• [PROBLEM REQUIREMENTS]: Everything in the data should be repeated exactly, save for the images.

═══ COLLECTED DATA

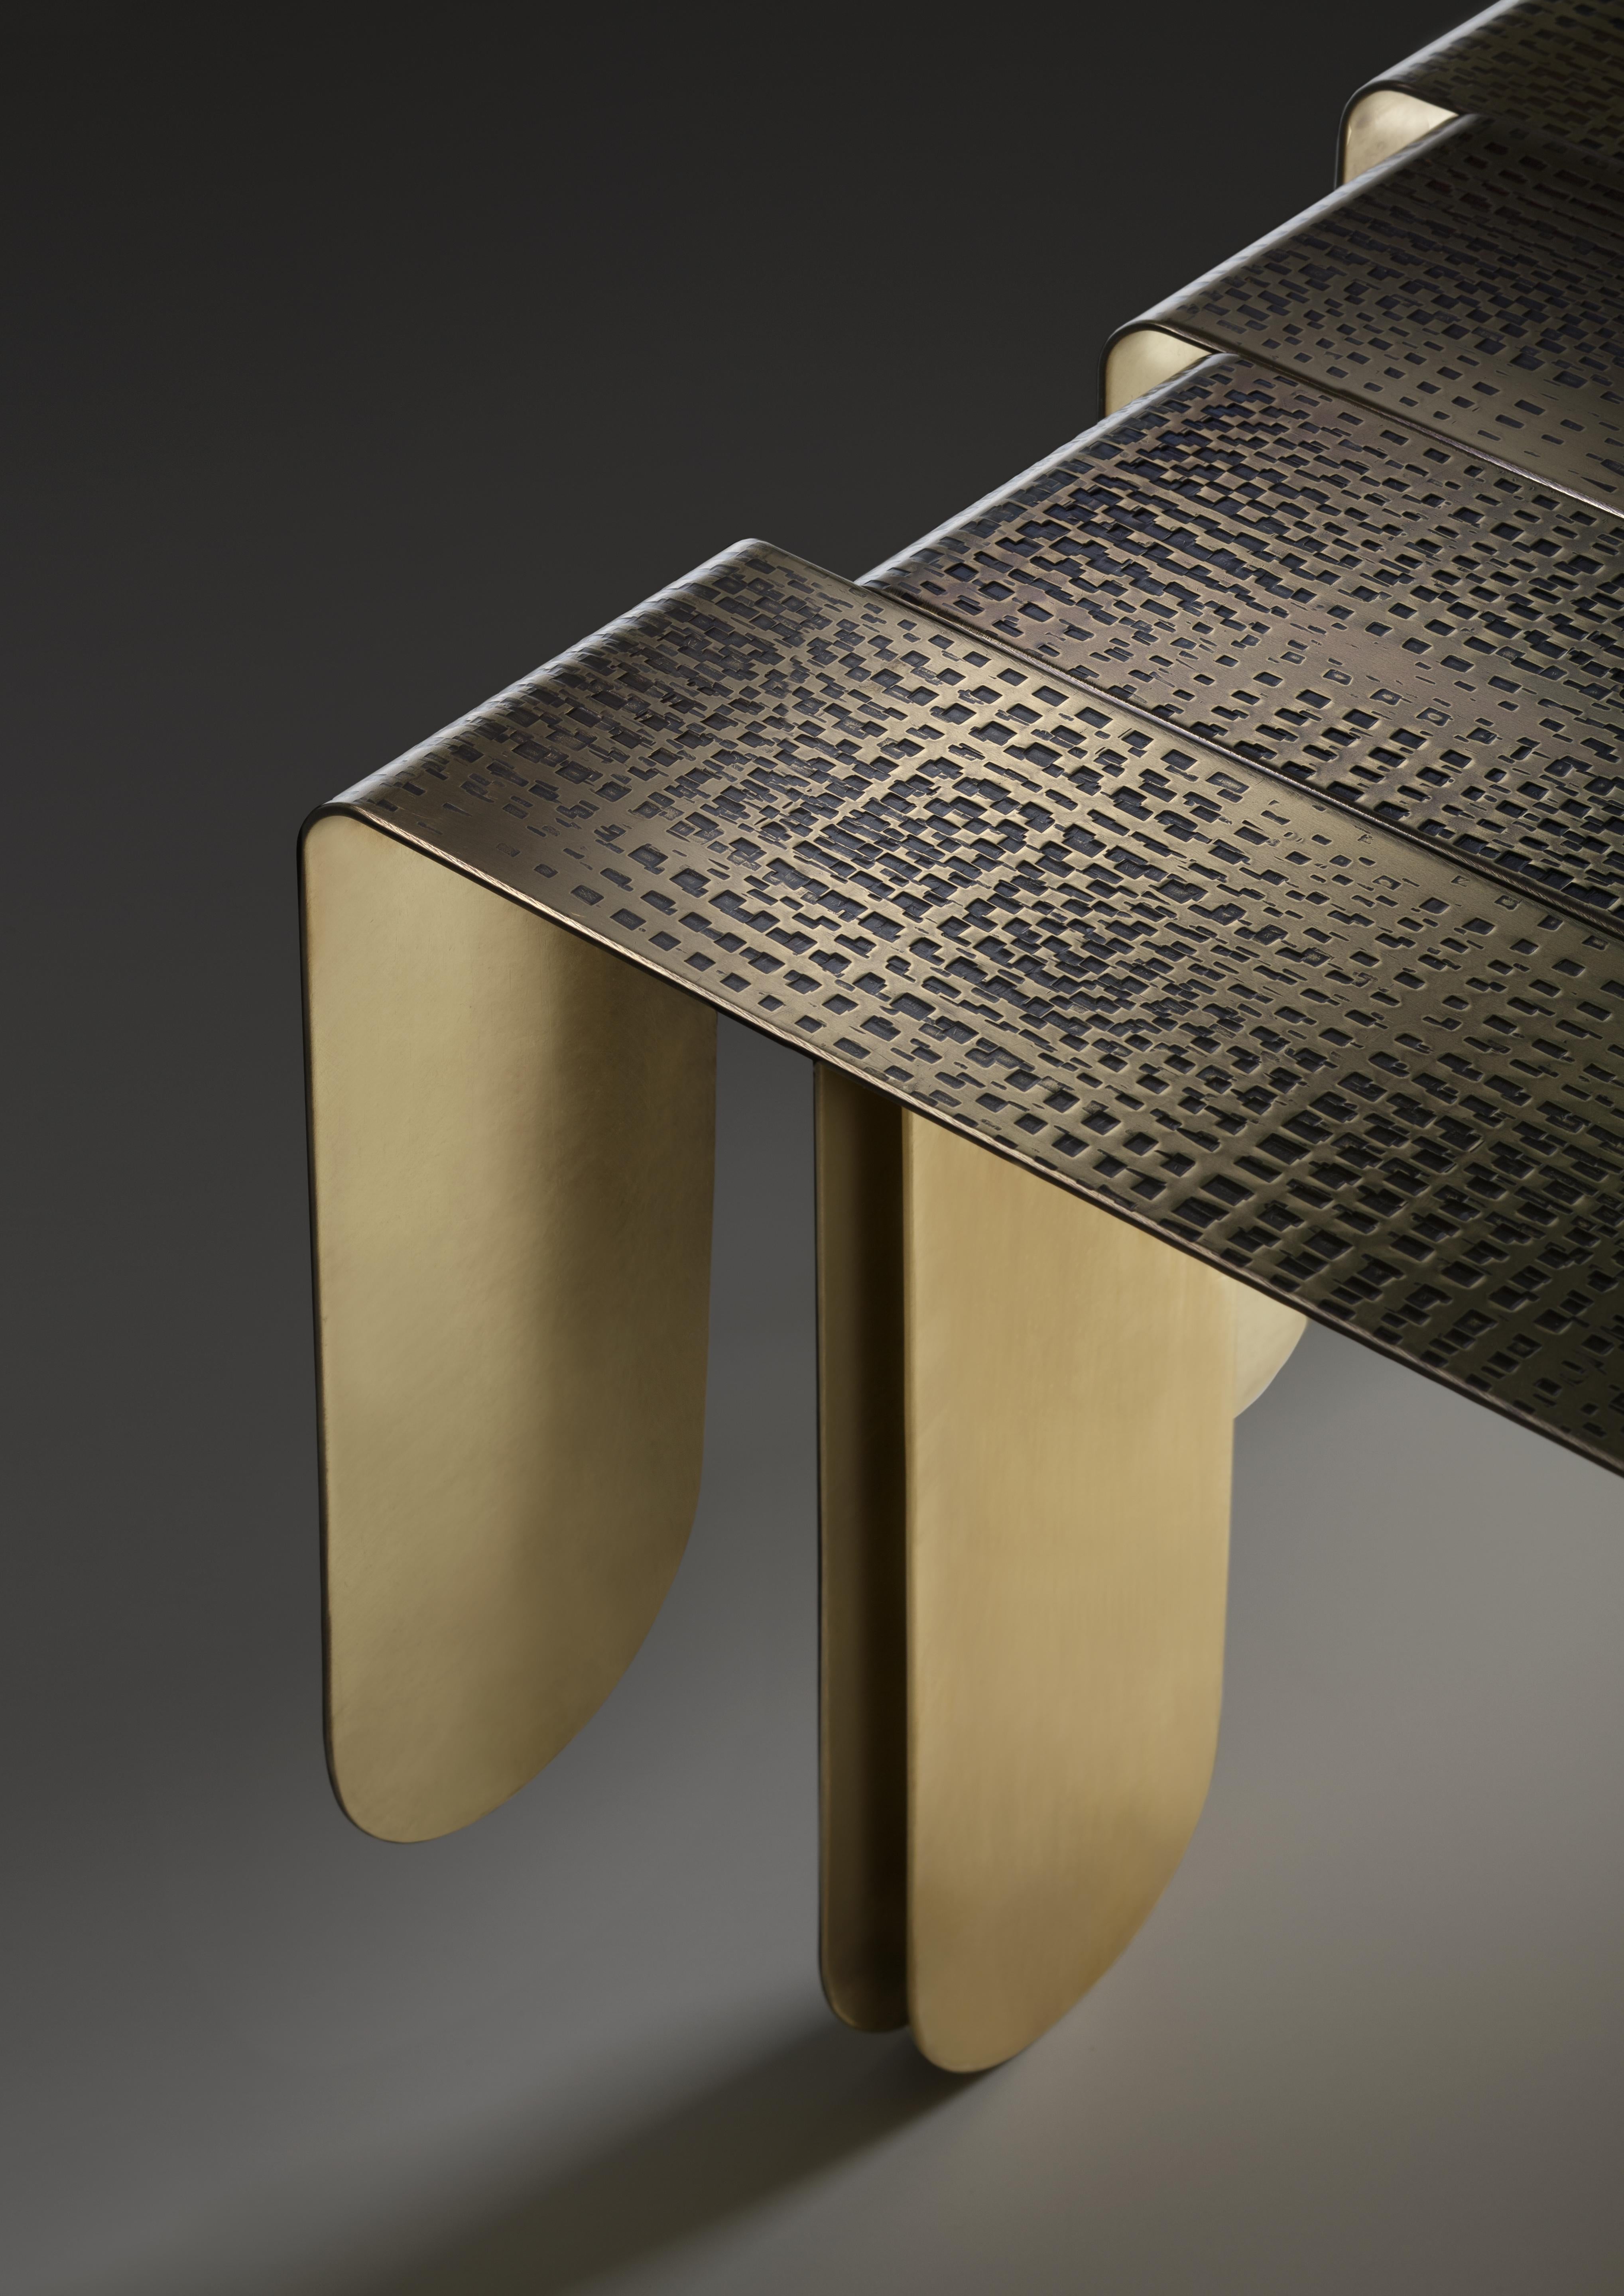 Inspired by the refined, sinuous aesthetics of Art Nouveau, the Xilo coffee tablei is a veritable sculpture
in metal that exalts the hand-crafted techniques and manufacturing excellence of the company.
Three sheets of thick brass, rounded at the

══════

• [RESULT]:
 Inspired by the refined, sinuous aesthetics of Art Nouveau, the Xilo coffee tablei is a veritable sculpture
in metal that exalts the hand-crafted techniques and manufacturing excellence of the company.
Three sheets of thick brass, rounded at the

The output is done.